These notes accompany my course at Northeastern University, a 6 week introduction to data mining using the R programming language. The goal of the course is to enable students to conduct independent data mining projects, with a focus on honing your workflow and communication skills.

These notes are a key resource for your homework assignments and in-class quizzes. They are the result of my efforts to distill a lot of useful code and information down into a few digestable packets, and structuring these packets in a way that complements the weekly assignments (which are only available to enrolled students).

What is data mining?

The purpose of data mining is to extract useful insights from a dataset. In practice, data mining is an iterative process with several stages, diagrammed below. In a typical project, you will pass through these stages many times:

Rather than starting our learning at the beginning of the workflow, we begin with modeling for two reasons. First, I have found that introducing modeling up front helps students understand the importance of inspecting and transforming their data prior to fitting models. Second, glimpsing the later stages of the pipeline helps students write better project proposals (which are due at the end of Week 2!).

Four fundamental models

A major challenge to learning data science is that there are so many algorithms and models clamoring for your attention. While there is no universally agreed upon core set of models an analyst should master, I have made the opinionated decision to restrict our focus in this course to a minimal set of models that cover the 4 most common use cases for data modeling:

  1. Regression: Predict a continuous target variable from a set of predictors.
  2. Classification: Predict a categorical target variable from a set of predictors.
  3. Dimension reduction: Identify continuous latent variables in a set of predictors.
  4. Clustering: Identify categorical latent variables in a set of predictors.

In machine learning, regression and classification are called supervised learning, which is a term to describe models that have an observed target variable. The supervised learning model y ~ x is ‘trained’ to predict the target y given input x. In contrast, dimension reduction and clustering are examples of unsupervised learning, or models that identify previously unknown structure in x.

The matrix below shows the 4 models used in this course:

These are powerful tools that can achieve the four most common data modeling tasks, and they provide a solid foundation for learning about more advanced models. We will continue to revisit these four models throughout the course, deepening our knowledge of how to apply and interpret them.

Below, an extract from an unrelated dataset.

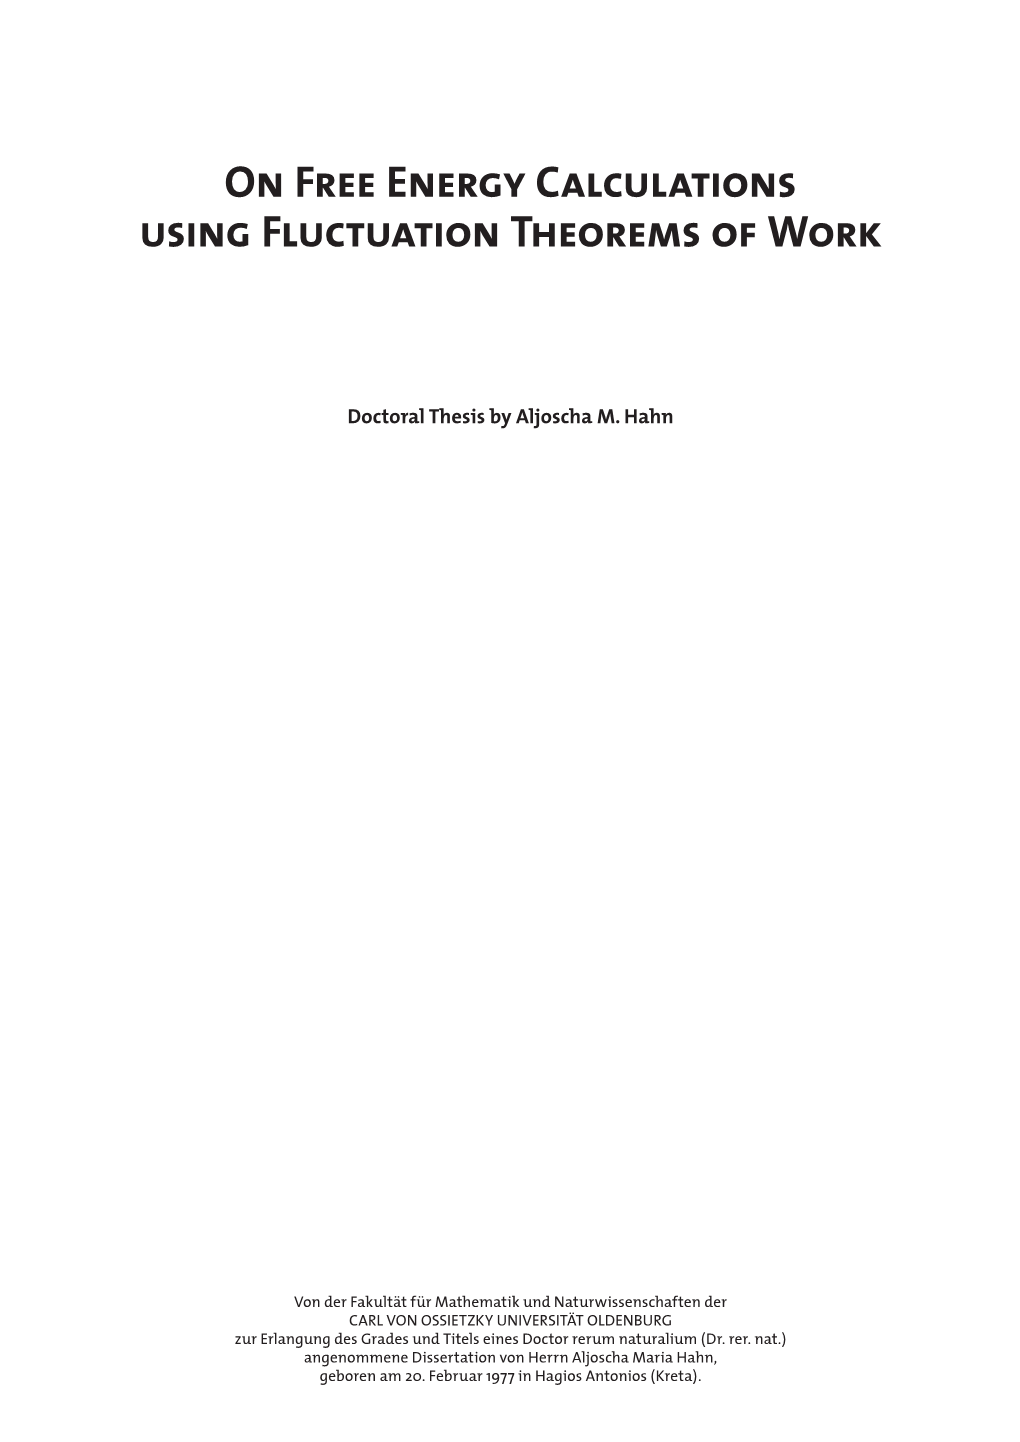 On Free Energy Calculations Using Fluctuation Theorems of Work

Before I provide a high-level introduction to the four models, a quick digression about “information overload”:

Information overload in data science

Data science terminology can be confusing, especially when it comes to modeling. One reason for this is that many similar ideas emerged independently from the disciplines of statistics and machine learning, leading to multiple terms for similar concepts. For example:

  • Statistical models have predictor or independent variables, ML models have features
  • Statistical models predict a response, outcome, or dependent variable, ML models predict a target.
  • Statistics folks fit models, ML folks train models

There is also tremendous hype surrounding ML, with a deluge of new methods, software libraries, and blog posts being published on a daily basis. Each new tool comes with new concepts and new terminology, and every blog post tries to convince you that THIS is the thing you should pay attention to. Diagrams and listicles of “things you should know” are popular.

In this environment, your attention is the most precious resource that you have. The only way to avoid becoming overwhelmed is to be careful about what you pay attention to. If you get side-tracked by every new technique that someone wrote a blog post about, you will waste all of your time going down rabbit holes and feeling panicked about everything you don’t know. This can quickly escalate into imposter syndrome, which is the feeling that you are an imposter who does not belong in this field at all!